I have a special place in my heart for patients with brain cancer and their families as I've worked on a neurosurgical ward (and I loved it). It's a disease that has very special challenges for everyone involved. I will be praying for all of you!

Ouiz said...

Rebekka, what an amazing gift you must have, to work in such a (what I would consider to be) difficult place, and yet see the joy in it. You must have a very special charism!

Do you still work in a hospital?

My f-i-l's disease has been shocking and sobering, of course, but I have been amazed at my husband's reaction to it all. He is the one who has been able to look squarely at it without flinching, and yet boldly proclaim, "this isn't the end."

Yet another reason why I love him so much!

Rebekka said...

Yes, I still work at the same hospital, but now with patients who have lymphomas and multiple myeloma (hematology).

It sounds bizarre but I find working with cancer patients very life-affirming, although of course it can be sorrowful, too, and that's ok. Sorrow is part of our life here and now. Like your husband says, this isn't the end. :-)

Ouiz said...

Like I said, you must have an amazing charism to be able to minister to those who find themselves in that situation. It's a horrific time, and I think God puts just the right people in those hospitals to care for them.

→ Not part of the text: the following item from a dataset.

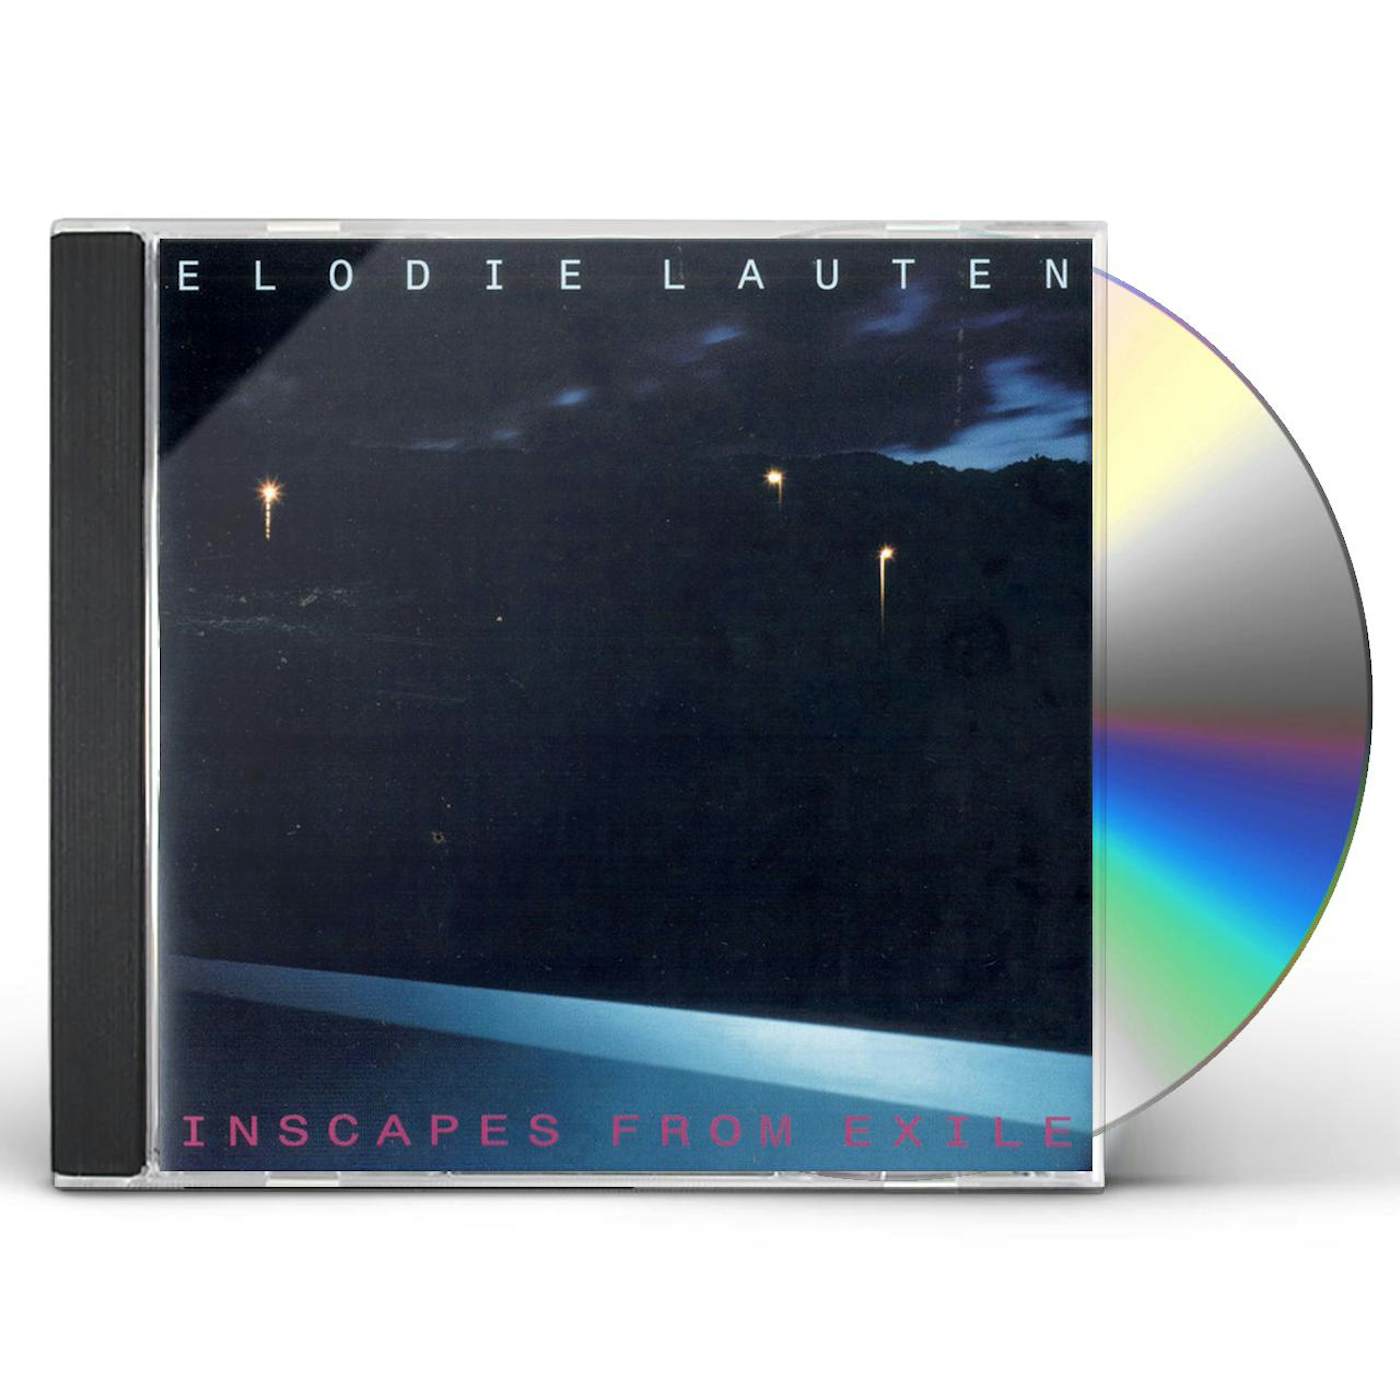 Elodie Lauten INSCAPES FROM EXILE CD
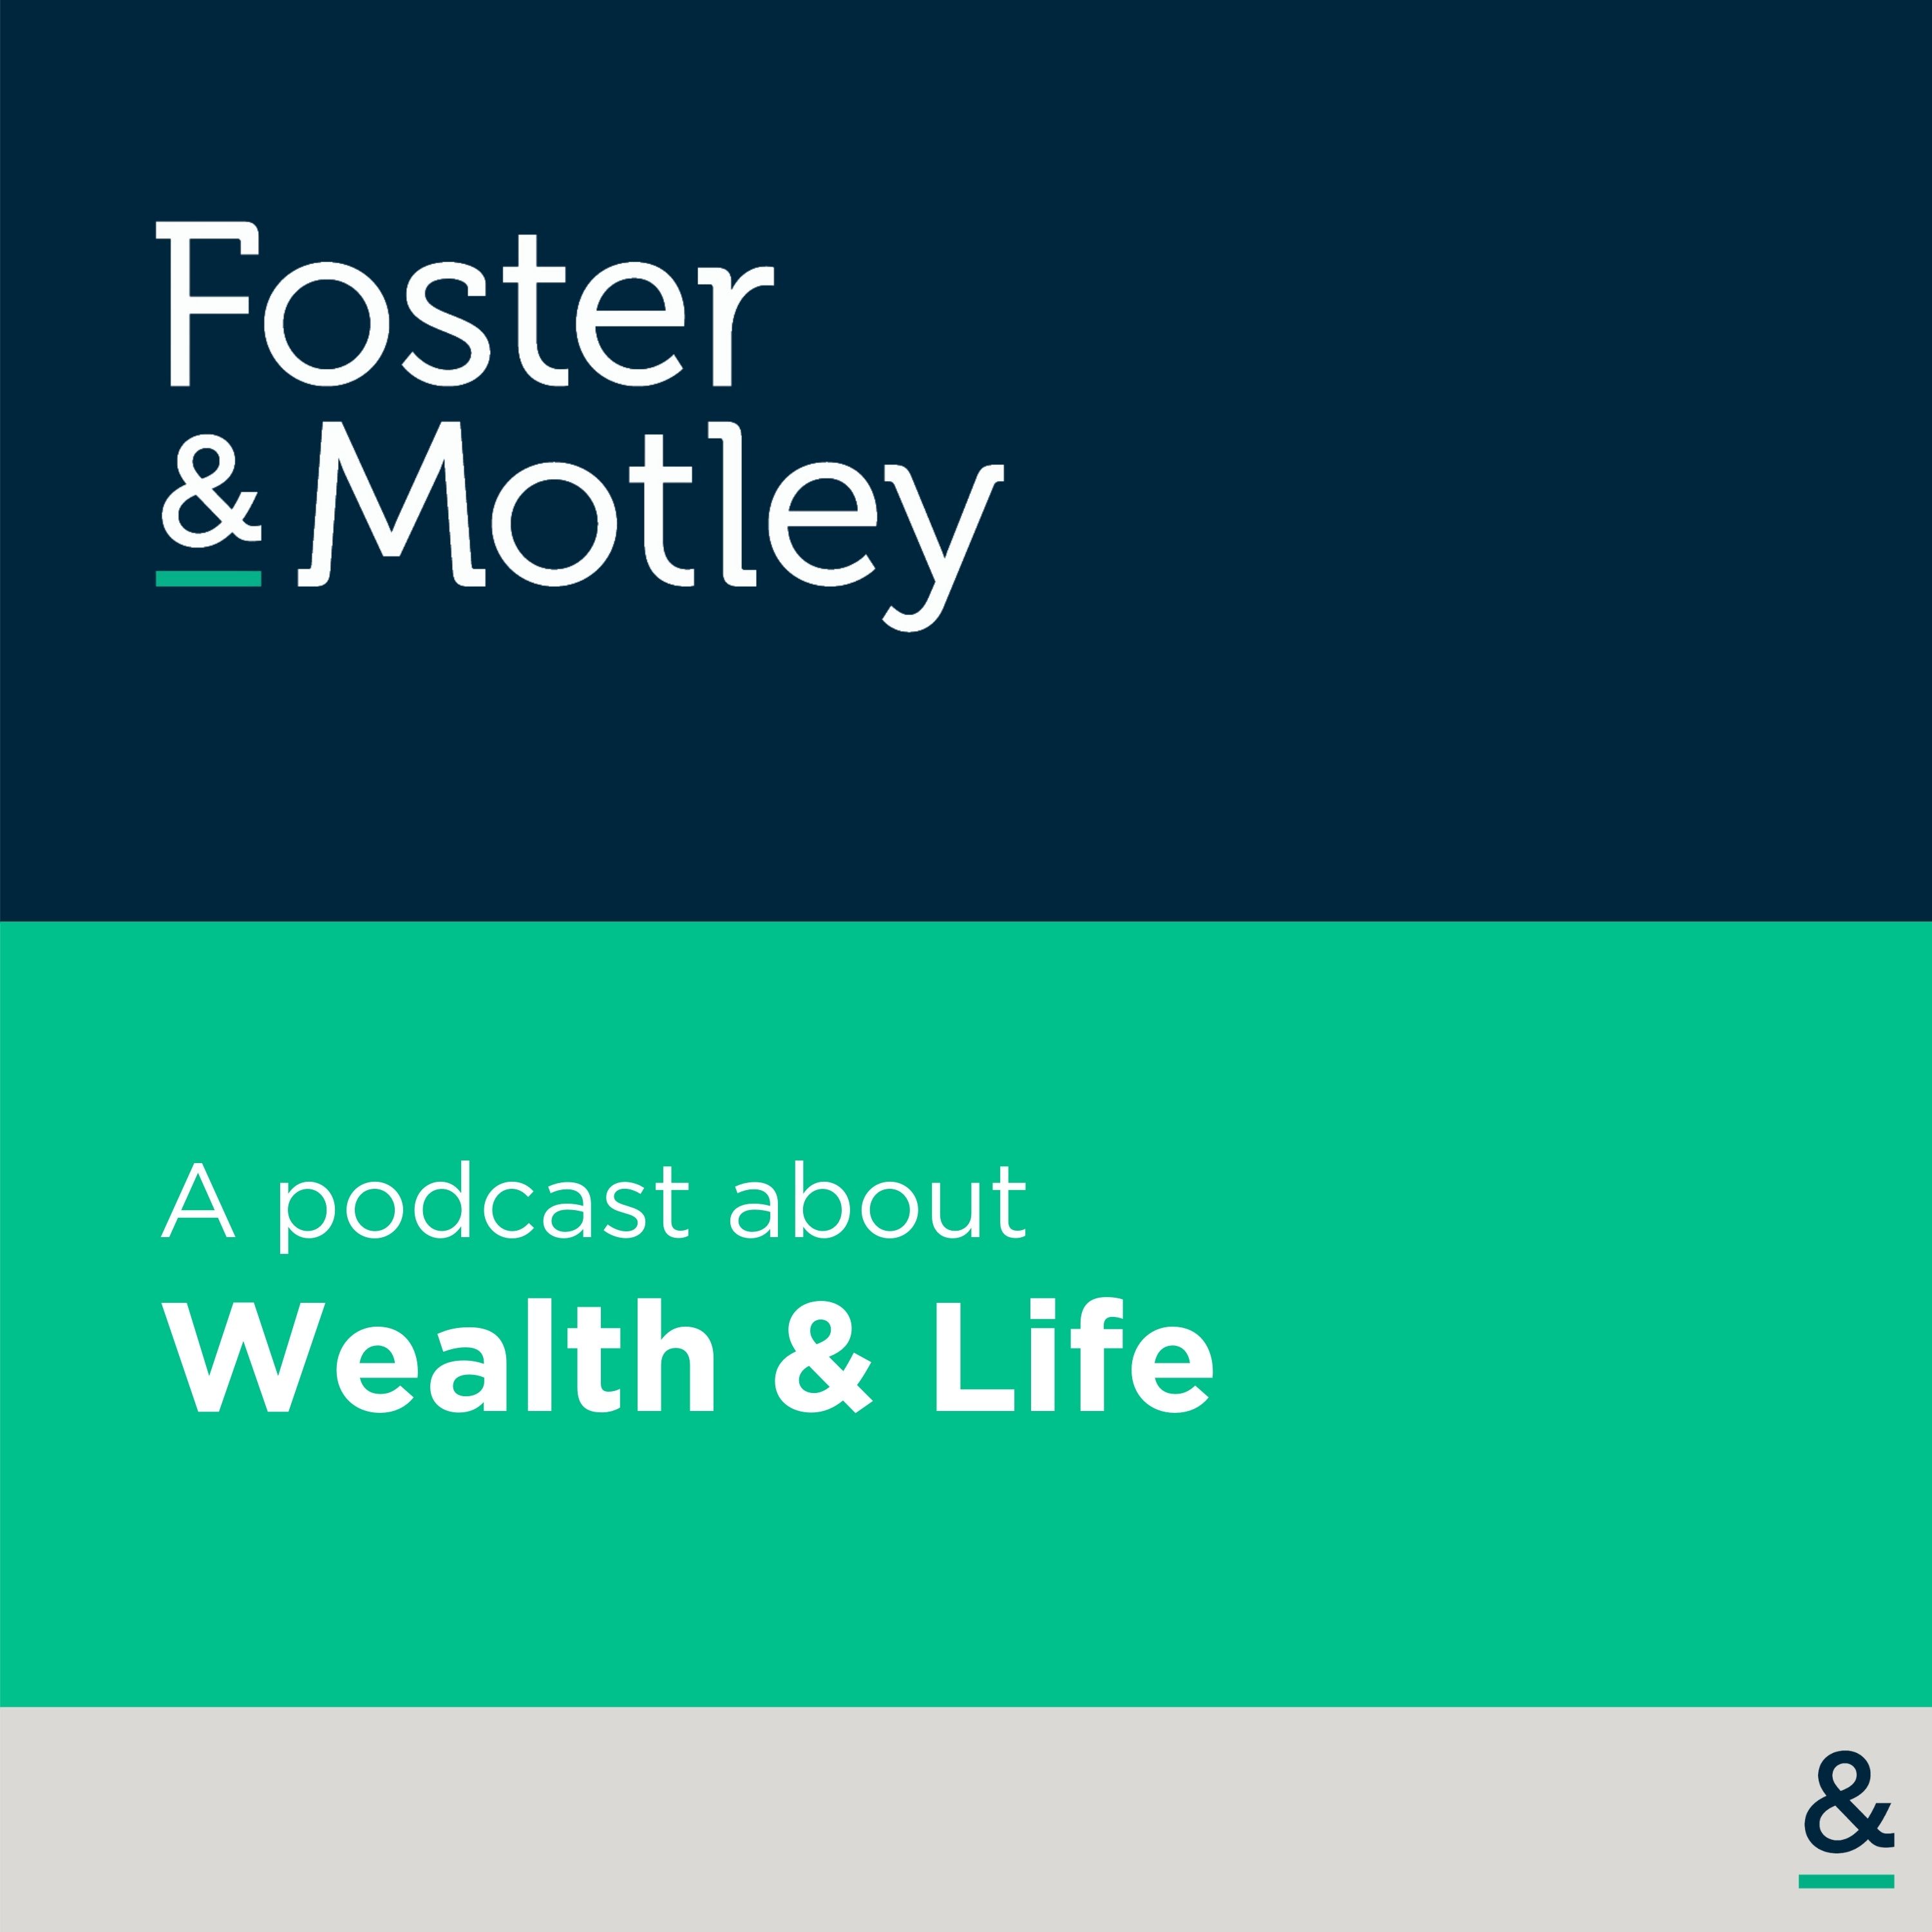 Foster & Motley : A podcast about Wealth & Life

You must be one of those amazing people!

I think charisms are just fascinating. Whenever we are cooperating with the Holy Spirit and using the gifts He has given us, we find it easy to do whatever the task is... even if it's something that others would find difficult to do.

Unknown said...

I lost my Father-in-law in September, less than 90 days after his first cancer diagnosis. It hurts. I miss him.

I've got to say that my FIL's funeral was one of the most beautiful moments in my marriage. I got so close to my husband during this joint loss. I've watched my husband's Catholic faith grow so much from the pain of losing his Dad and I've watched this only son really grow into a strong head of the family.

Pray hard, be extra kind to your husband and have lots of hope. Even if God does have a firm plan to call your FIL home soon, there will be more than enough grace to help everyone during the rough time ahead.

Ouiz said...

Abigail, I am so sorry for your loss!

I really appreciate what you said about God's grace being there, and about it bringing you and your husband together during that very difficult time. I know that God will bring us all through it, but still... well, this is a path that none of us wants to be on.

We keep praying, we continue to have hope, and we remember that this life isn't all there is.